Segment Start: Information provided
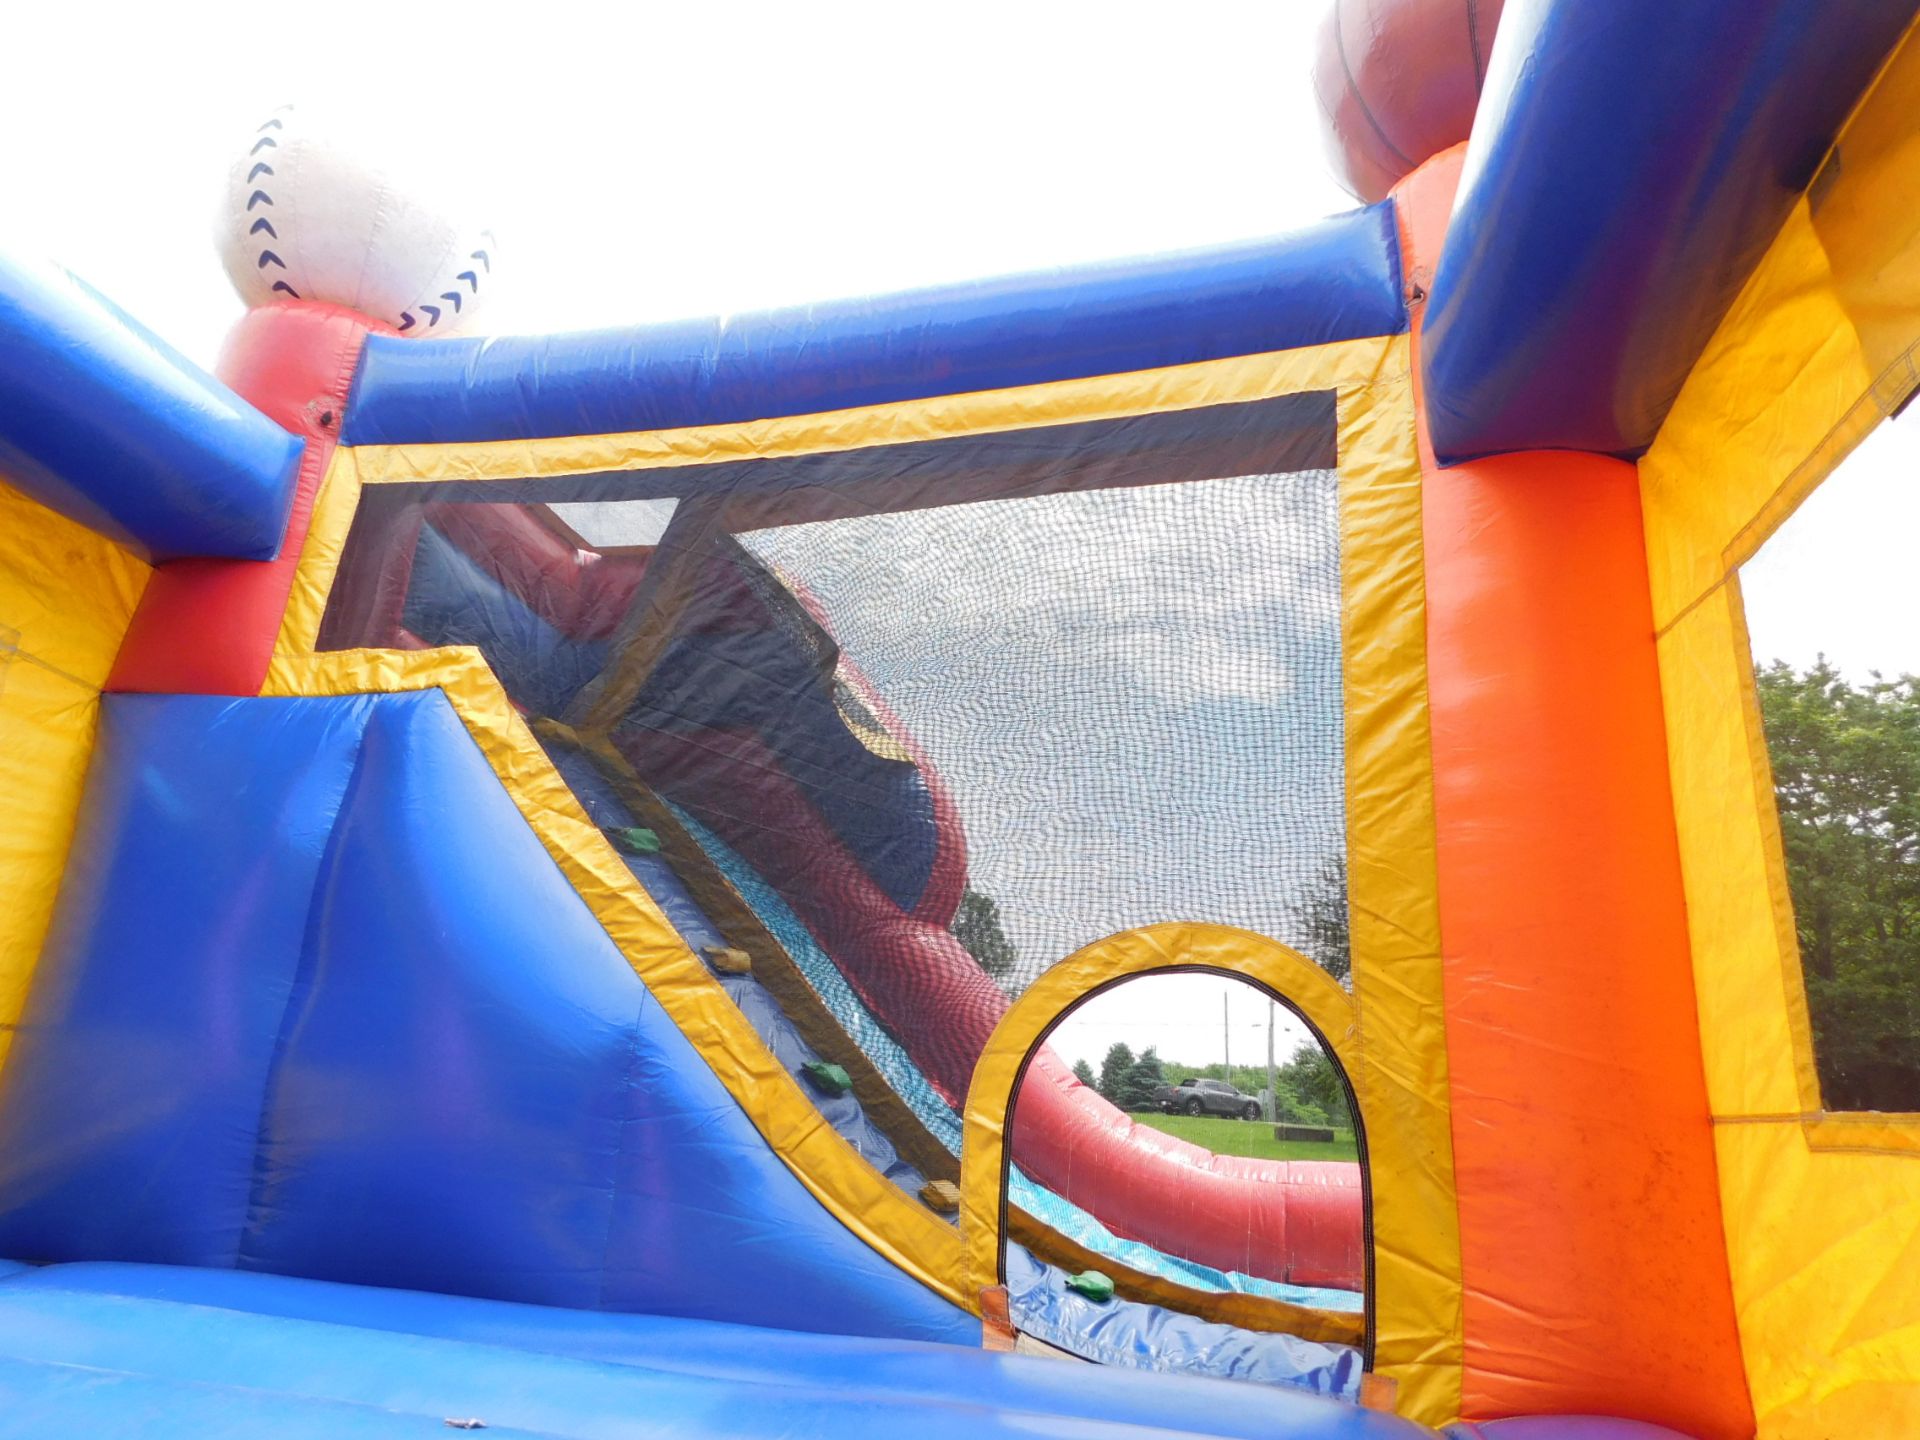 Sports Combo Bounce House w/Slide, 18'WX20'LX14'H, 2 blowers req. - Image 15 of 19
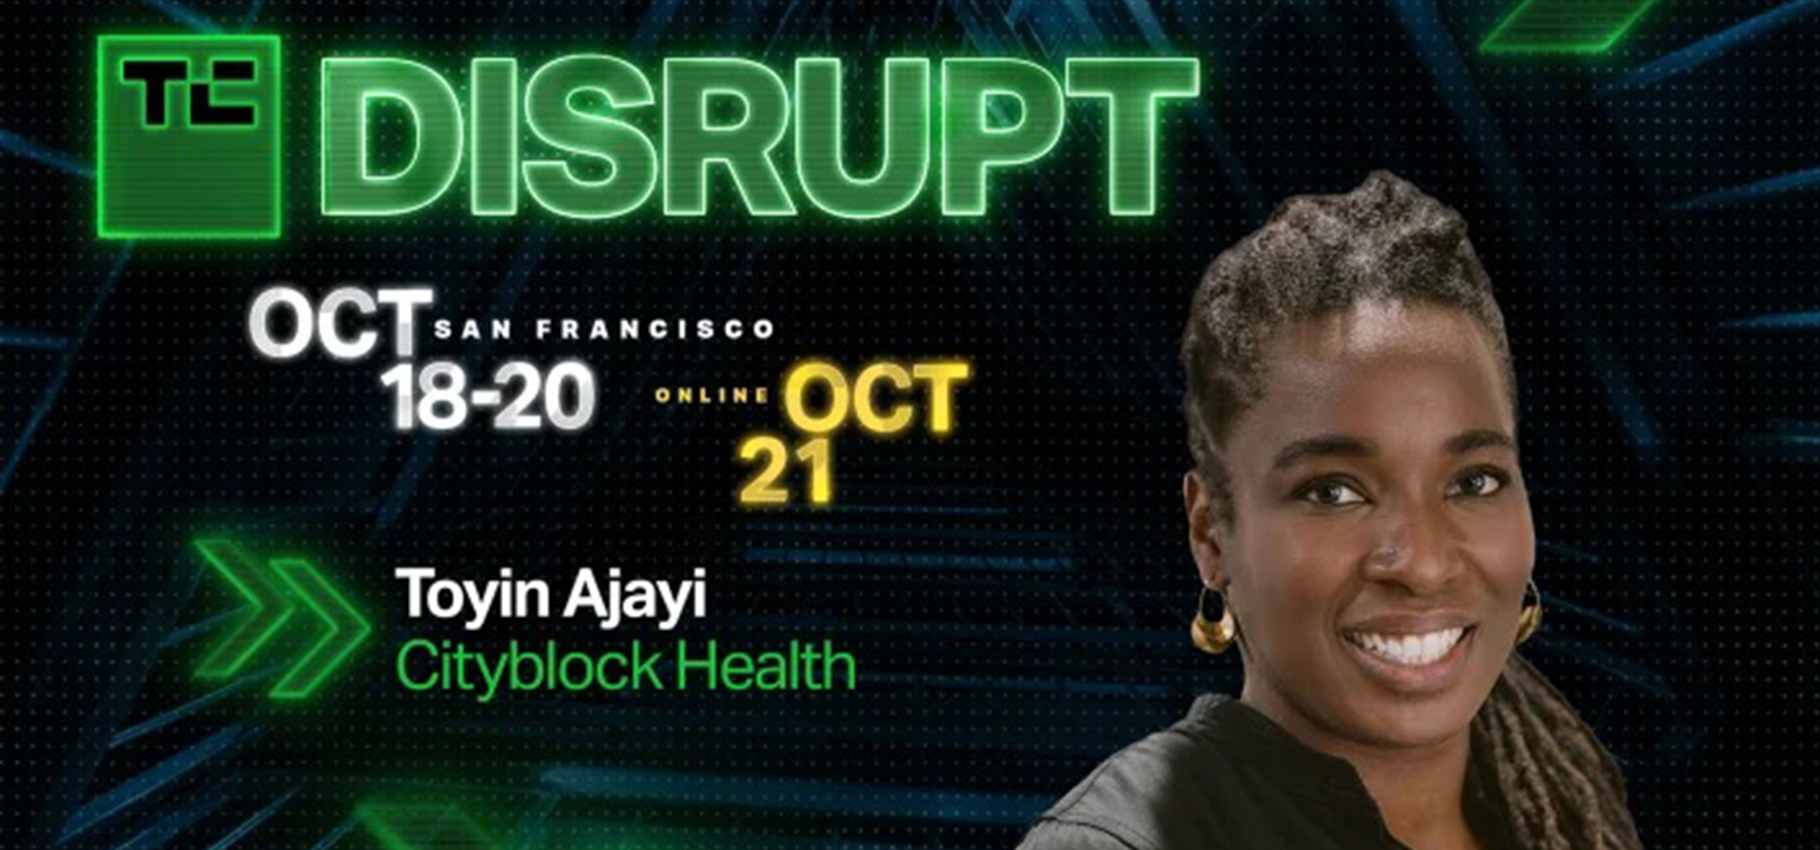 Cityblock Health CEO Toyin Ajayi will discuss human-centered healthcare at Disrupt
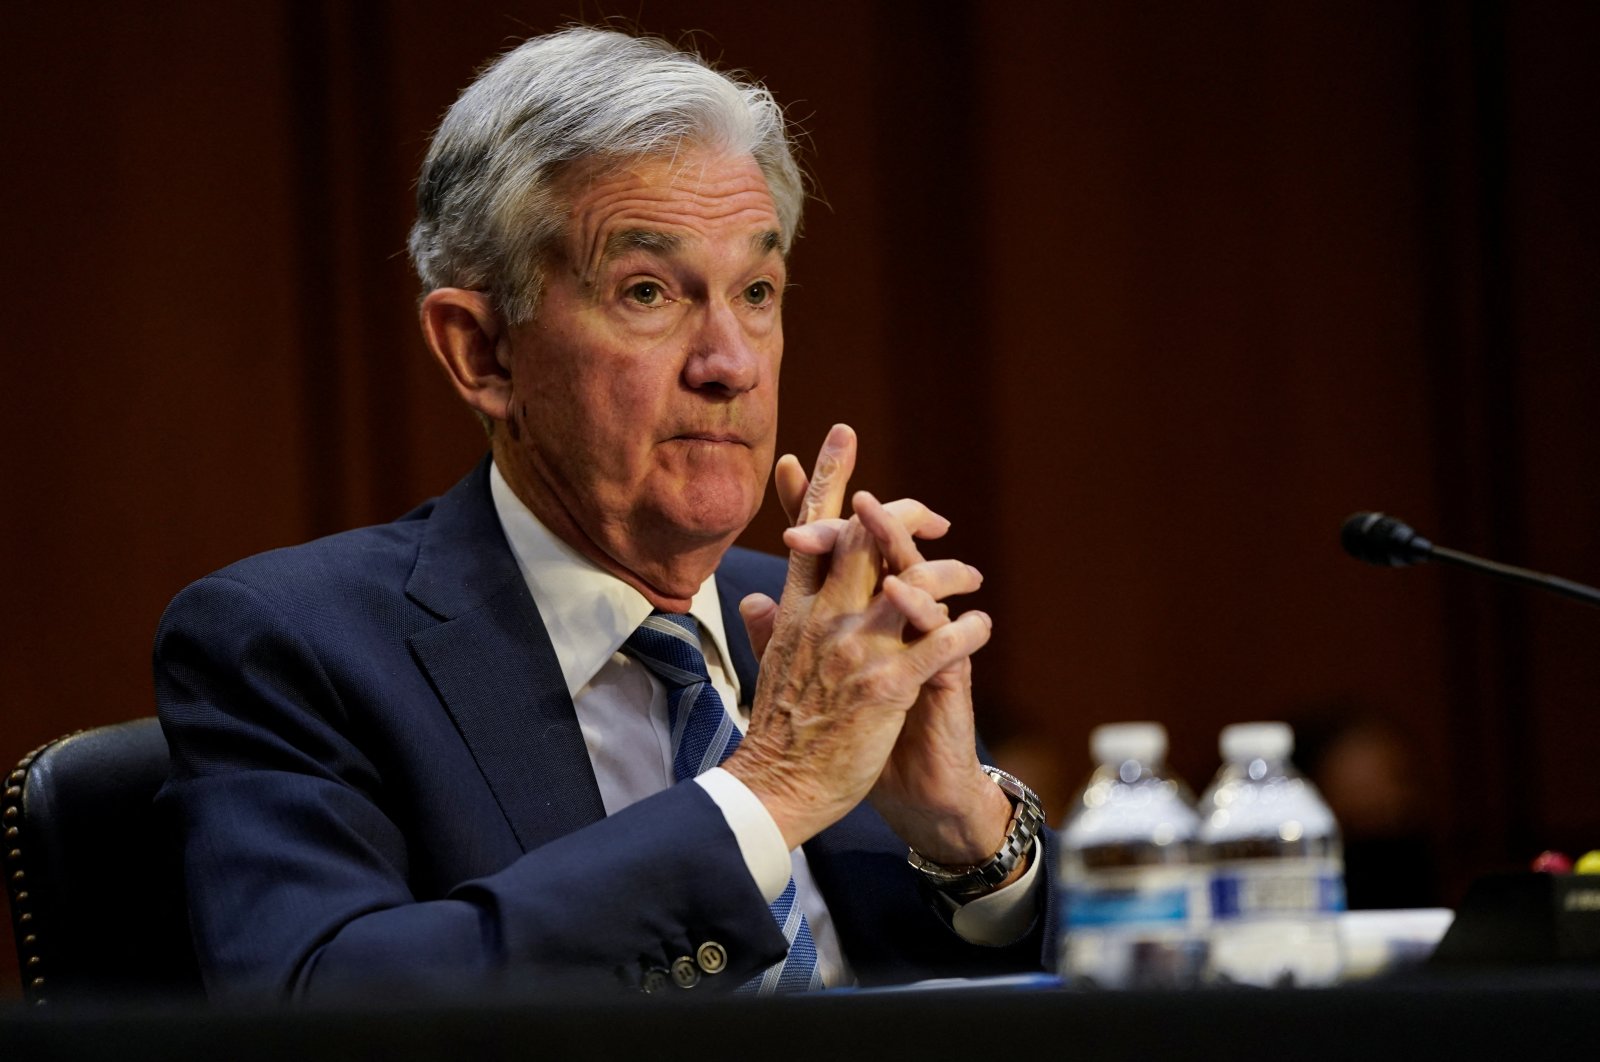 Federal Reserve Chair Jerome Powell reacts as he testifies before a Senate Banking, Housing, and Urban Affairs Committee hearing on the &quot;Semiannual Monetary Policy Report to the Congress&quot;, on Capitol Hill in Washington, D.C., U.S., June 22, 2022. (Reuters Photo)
Segment End: Information provided
◆ **Task brief**: Could you set down the data exactly as given, minus its pictures?

◆ **Result**:
 Sports Combo Bounce House w/Slide, 18'WX20'LX14'H, 2 blowers req. - Image 15 of 19
 Cityblock Health CEO Toyin Ajayi will discuss human-centered healthcare at Disrupt
 Federal Reserve Chair Jerome Powell reacts as he testifies before a Senate Banking, Housing, and Urban Affairs Committee hearing on the &quot;Semiannual Monetary Policy Report to the Congress&quot;, on Capitol Hill in Washington, D.C., U.S., June 22, 2022. (Reuters Photo)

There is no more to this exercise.